Dynamic Nested Sampling package for computing Bayesian posteriors and evidences

https://dynesty.readthedocs.io/

MIT License

347 stars 76 forks source link

Discrepancy: paxes vs axes #193

Closed mileslucas closed 4 years ago

mileslucas commented 4 years ago

Hello, I'm trying to learn more about this code and I keep scratching my head over how axes and paxes are used within the bounding algorithms and the sampling algorithms.

For example, in the ellipsoidal code, the axes are labeled as the "transformation axes" of the ellipsoid and are the Cholesky decomposition of the covariance matrix.
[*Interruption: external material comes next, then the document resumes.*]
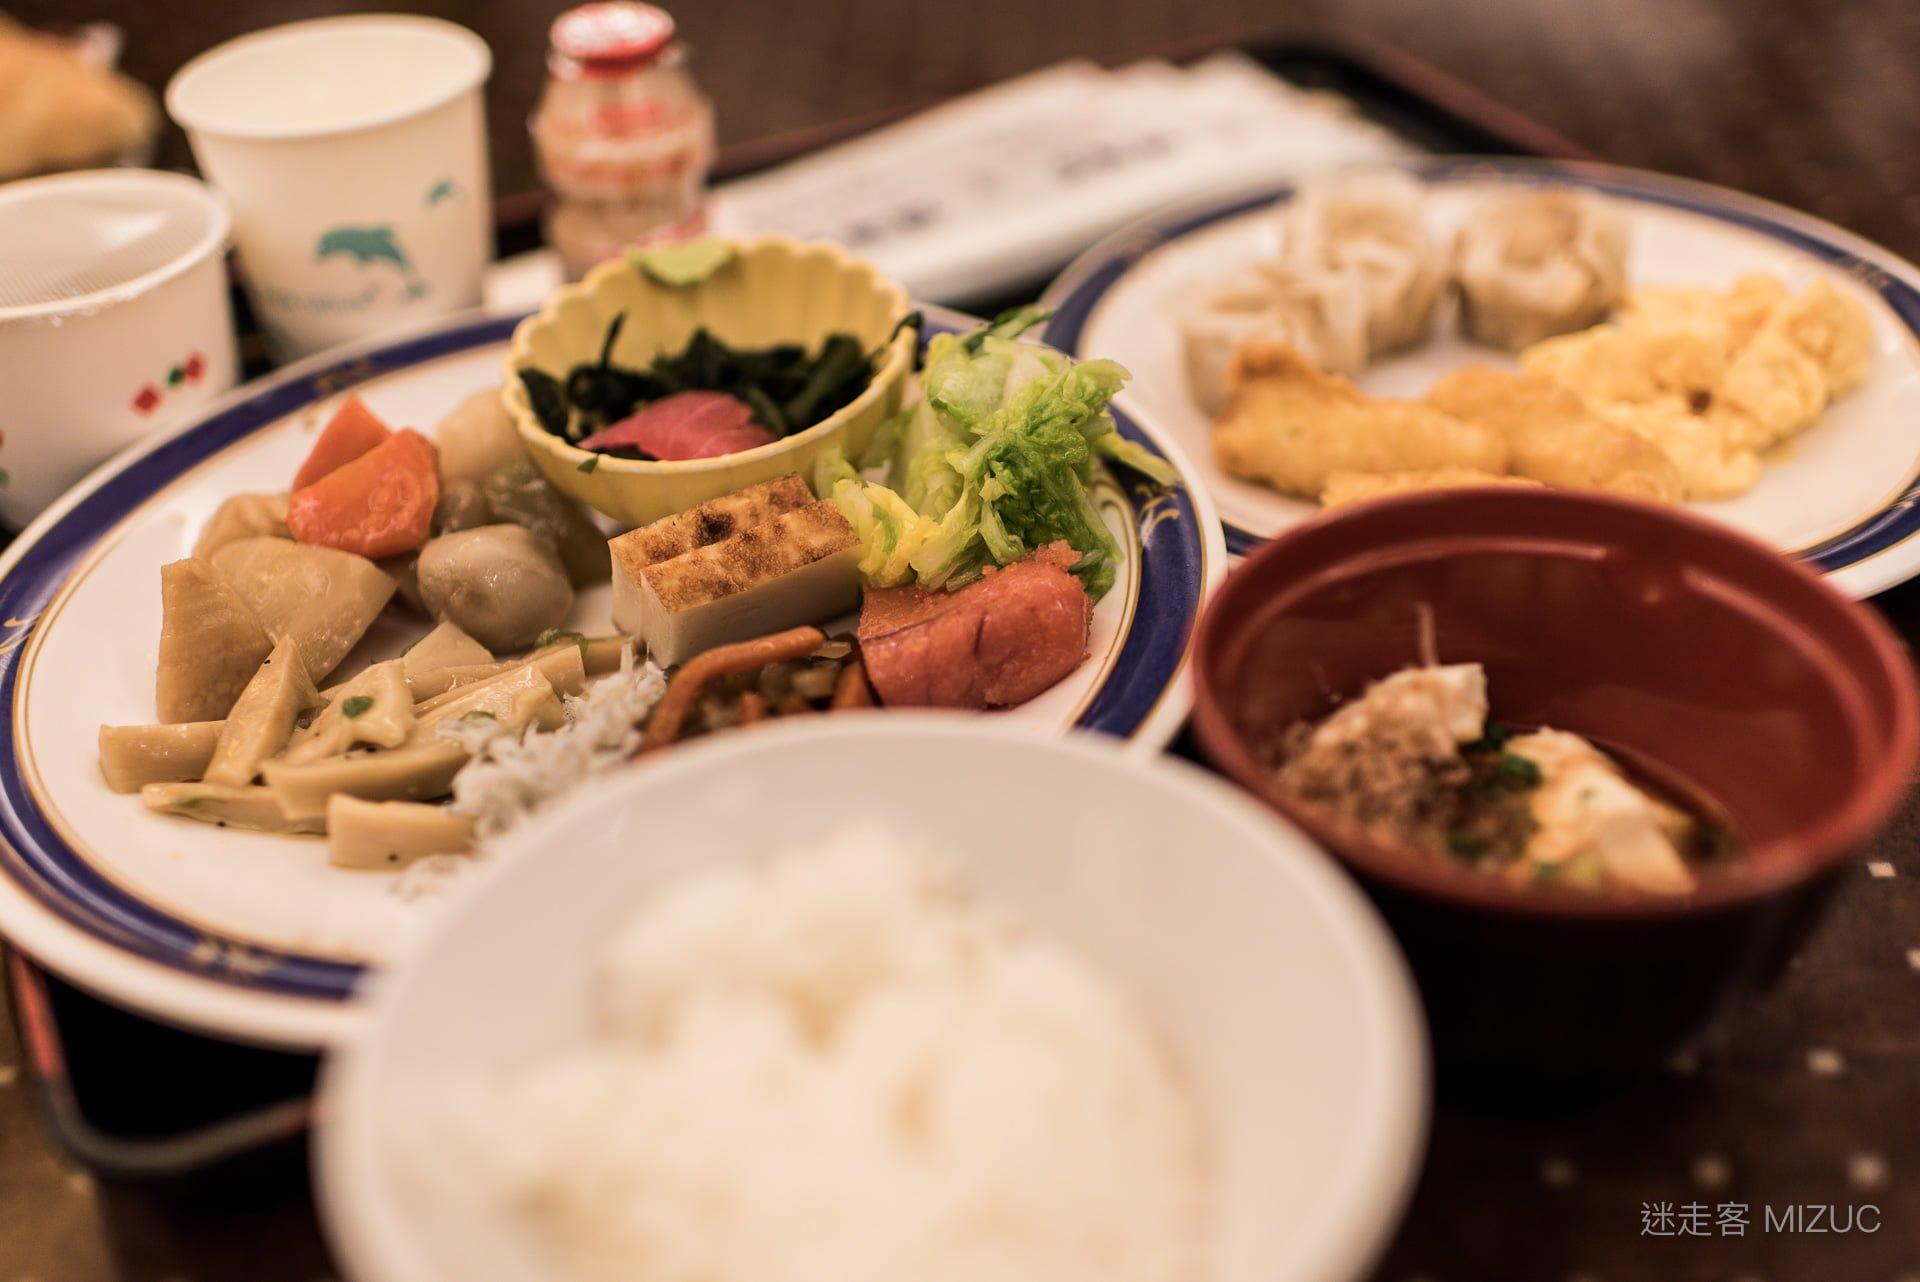 201711 Ibaraki Tochigi Gunma Japan Travel By RentalCar 50 日本自駕旅遊/北關東三縣「茨城、櫪木、群馬」秋天美食、溫泉與瀑布秘境百景(精選照片分享)
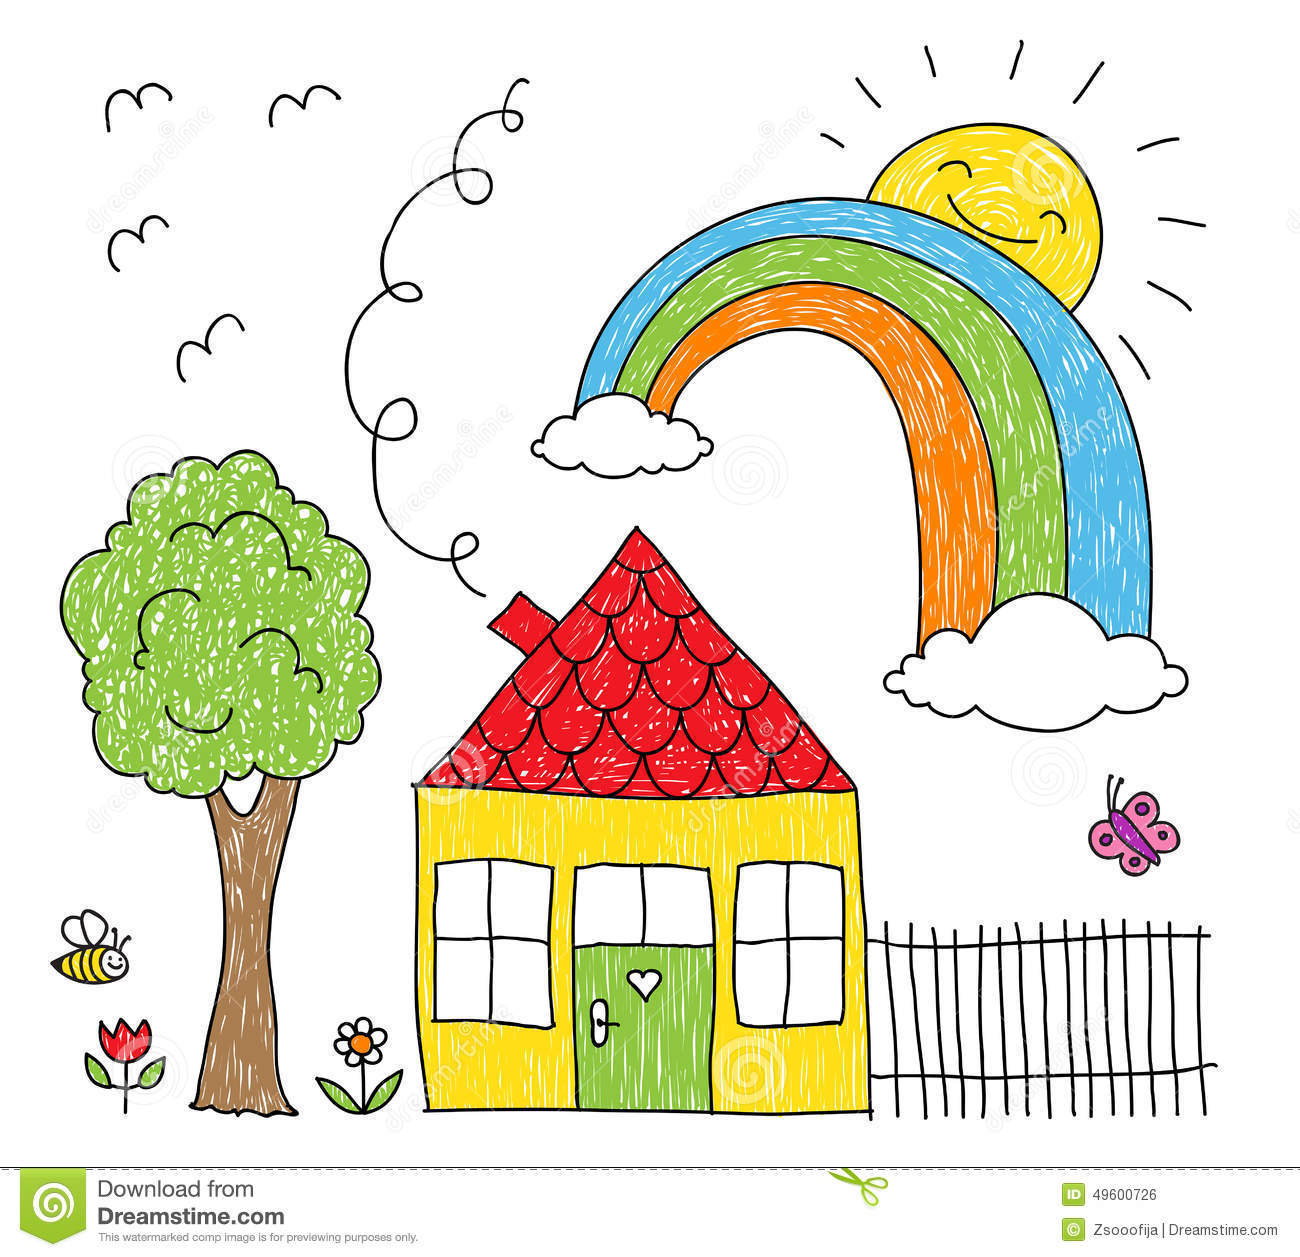 tiny house with rainbow

Also here, paxes are labeled as the principle axes and then describe how they should be used for transforming between the unit hyper-cube and the prior volume.

Given this, I assume that methods like the random-walk (rwalk) implementation would use paxes to generate proposals, yet the code fed into it uses axes (many snippets of "if method in ['rwalk',...] return ell.axes". Upon inspecting the nestle codebase and some of my own code, the appropriate solution is to use paxes as they are described in the bounding constraint constructors.

Is this is a bug or is this a lapse in my understanding?

joshspeagle commented 4 years ago

No, you’re not wrong — the two types of axes are a result of a tortured development trying to get the bounding ellipsoids to be both stable and straightforward to use internally. The way I’ve set things up, the Cholesky decomposition C^1/2 in axes is the correct way to transform a standard normal random draw z to x ~ C^1/2 * z, which is used in rwalk and unif. However, when sampling using slice, since the code rotates through the principle axes of the distribution I believe it uses paxes.

mileslucas commented 4 years ago

Hmm, for the standard rejection sampling and the MH walk methods from nestle seem to use the axes as derived here: https://github.com/kbarbary/nestle/blob/581a1c3517ac9589d1f2c6b05679a0f38894a291/nestle.py#L259-L262 (eigen decomposition of the precision matrix) which matches your paxes- so I'm confused why your rejection sampling code uses axes.

The actual sampling in nestle uses u_prop = u + scale * du where du = dot(axes, dr) (for the MH walking), so my confusion is how nestle uses the eigen-decomposition and you use the cholesky for the same thing and they both seem to work.

joshspeagle commented 4 years ago

I'd have to go back through the math (dynesty was initially built off of nestle, so I started from the code snippet you shared), but I'm pretty sure that while the actual transformation for a given z is different, the statistical distribution of points after transforming an ensemble of random z draws is the same.

mileslucas commented 4 years ago

That seems reasonable (and I could check with monte-carlo easily enough), though it begs the question: if you can slice and sample using paxes why carry around axes at all?

Thanks for having this commentary, too, I really appreciate it!

joshspeagle commented 4 years ago

If I'm remembering correctly, there was some point during development where doing the Cholesky decomposition was useful for checking stability. Since you get the matrices for free, I think I just started using them as a result. I'm sure there were other reasons that I could back out looking through old commits, but that's all I got off the top of my head.

And no problem! Happy to try and help. If you have any other questions, happy to answer them here. Feel free to close this issue whenever you're satisfied.